Study Says Menthol Vaping Products Generate More Toxic Particles That Affect Lung Function
Today’s news, April 12: According to foreign media reports, researchers at the University of Pittsburgh Respiratory Research Institute reported today that adding menthol flavoring to e-cigarettee-liquid produces more vapor particles and is associated with worsened lung function in users.
Using a specially designed robotic system to simulate human breathing and puffing behavior, the researchers showed that commercially available e-cigarette e-liquids containing menthol generate more toxic microparticles than e-liquids without menthol. A secondary analysis of patient records from a group of e-cigarette users showed that, compared with non-menthol users, menthol e-cigarette users breathed more shallowly and had poorer lung function, regardless of age, sex, race, pack-years of smoking, nicotine use, or use of cannabis-containing vaping products.
Kambez H. Benam, Ph.D., senior author of the study and associate professor in the Division of Pulmonary, Allergy and Critical Care Medicine at the University of Pittsburgh School of Medicine, said:
Many people, especially young people, mistakenly believe that e-cigarettes are safe, but even nicotine-free e-cigarette mixtures contain many compounds that may damage the lungs. Just because something is safe to eat in food does not mean it is safe to inhale.
To keep young people away from e-cigarettes and curb preventable deaths, the U.S. Food and Drug Administration continues to pressure cigarette manufacturers to eliminate menthol from combustible tobacco products such as regular cigarettes and cigars.

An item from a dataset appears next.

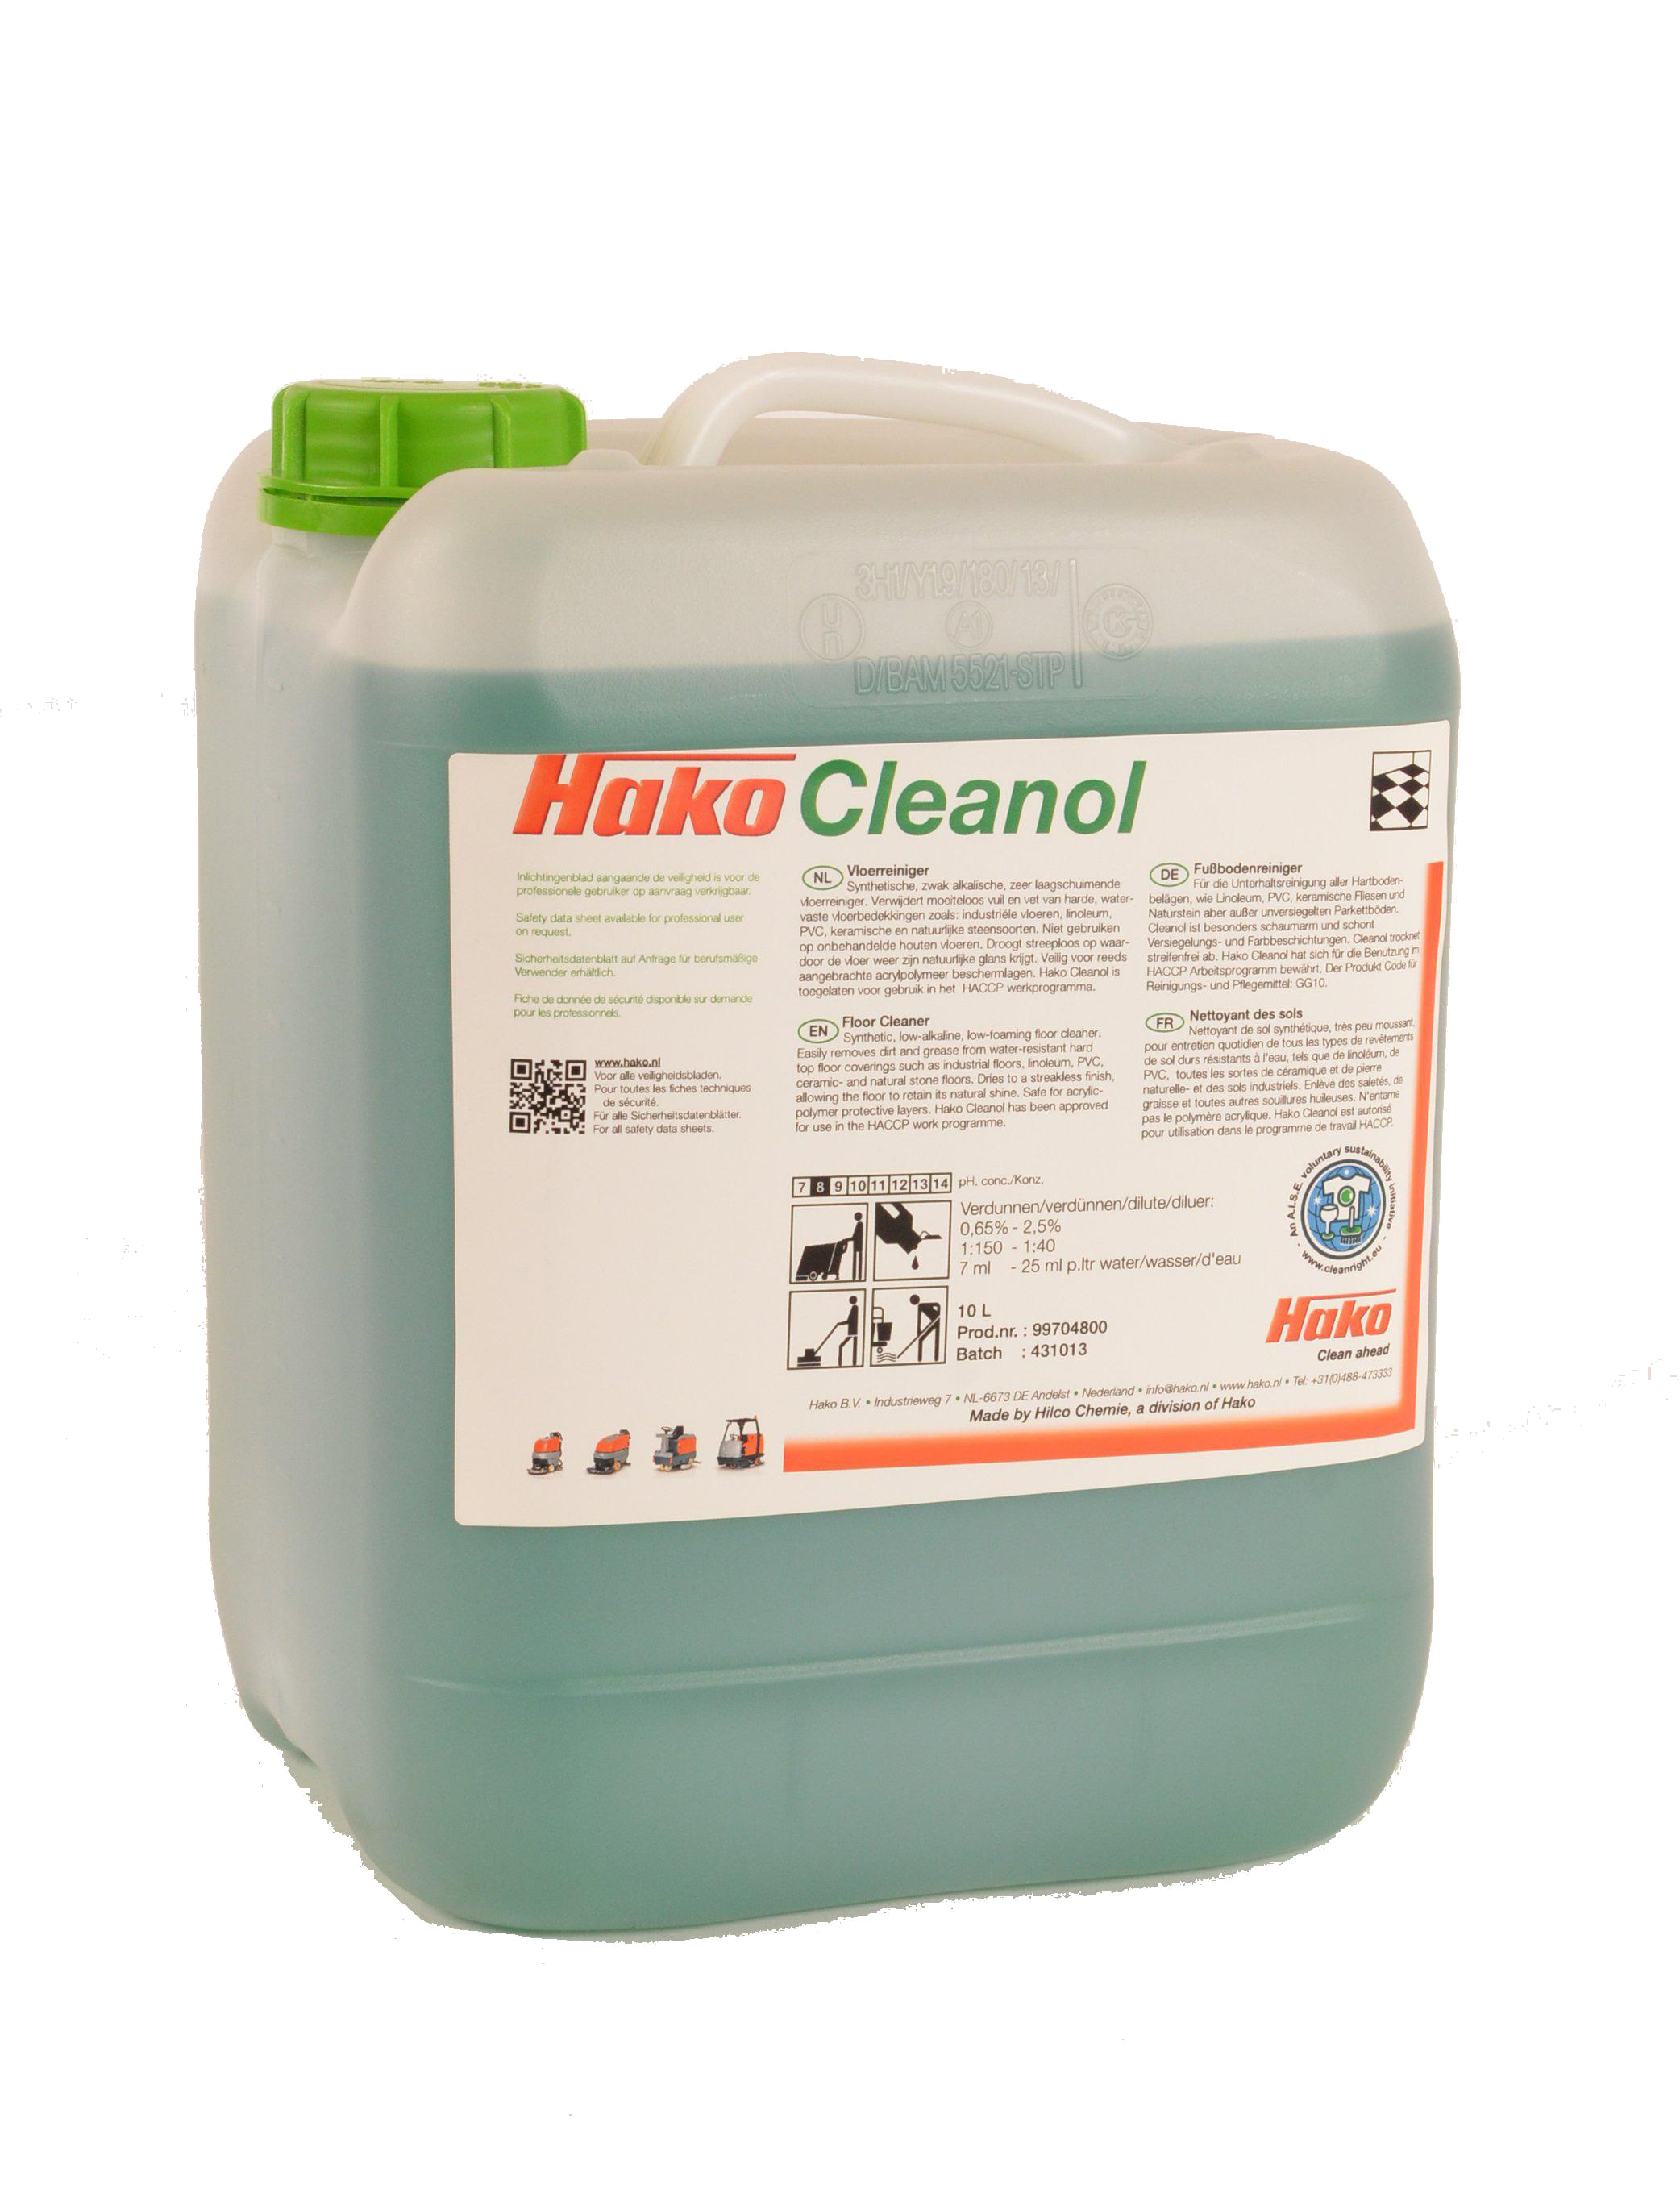 Hako Cleanol Hilco Chemie

But the global market for vaping products continues to expand, and mint and menthol flavors remained very popular among the 2.5 million young people who reported using e-cigarettes in 2022.
Because traditional toxicity testing involving animals or live cells grown on flat surfaces may take weeks or months to generate high-quality, clinically relevant data, regulators are struggling to keep up with product safety testing in a timely manner.
Traditional methods have other limitations as well. Mice and rats, the main animals used to test the safety and biological effects of aerosol products, have nasal anatomies that are very different from humans, making them unable to actively breathe through the mouth the way a person does when taking a puff. Cell systems used for toxicity testing are either directly exposed to e-liquid or subjected to continuous aerosol spraying that does not account for human breathing patterns.
To improve preclinical testing of how mixed e-cigarette liquids and added flavorings affect vapor composition and health outcomes, the researchers developed a biologically inspired e-cigarette robot. By accurately simulating temperature, humidity, puff volume, and puff duration, the machine can mimic both healthy and diseased breathing patterns and reliably predict vaping-related lung toxicity.
The system can measure the size and number of aerosol particles produced, as well as how these parameters change depending on liquid composition. The aerosol’s effects can then be tested on engineered lung-on-a-chip devices, quickly generating high-quality data that can be used to infer potential toxicity.
In their previous research, Benam and his team found that vitamin E acetate, a common additive in cannabinoid-containing e-cigarette liquids, generates more toxic small particles that can travel deep into the lungs and lodge in the narrowest airways and in the lining of the trachea and bronchi.
Although large-scale clinical studies will still be needed in the future, this new study suggests that menthol additives may be just as dangerous as vitamin E acetate, which has been closely linked to lung injury associated with e-cigarette and vaping product use.
“The main message we want to communicate is aimed at people who have never smoked before, especially young people,” Benam said. “For those trying to quit conventional tobacco products, switching to e-cigarettes may be a better and safer option. But before trying e-cigarettes, it is important to fully understand both their risks and benefits.”
Other authors of the study include Dr. Divay Chandra and Dr. Rachel Bogdanoff of the University of Pittsburgh, and Dr. Russell Bowler of National Jewish Health in Denver.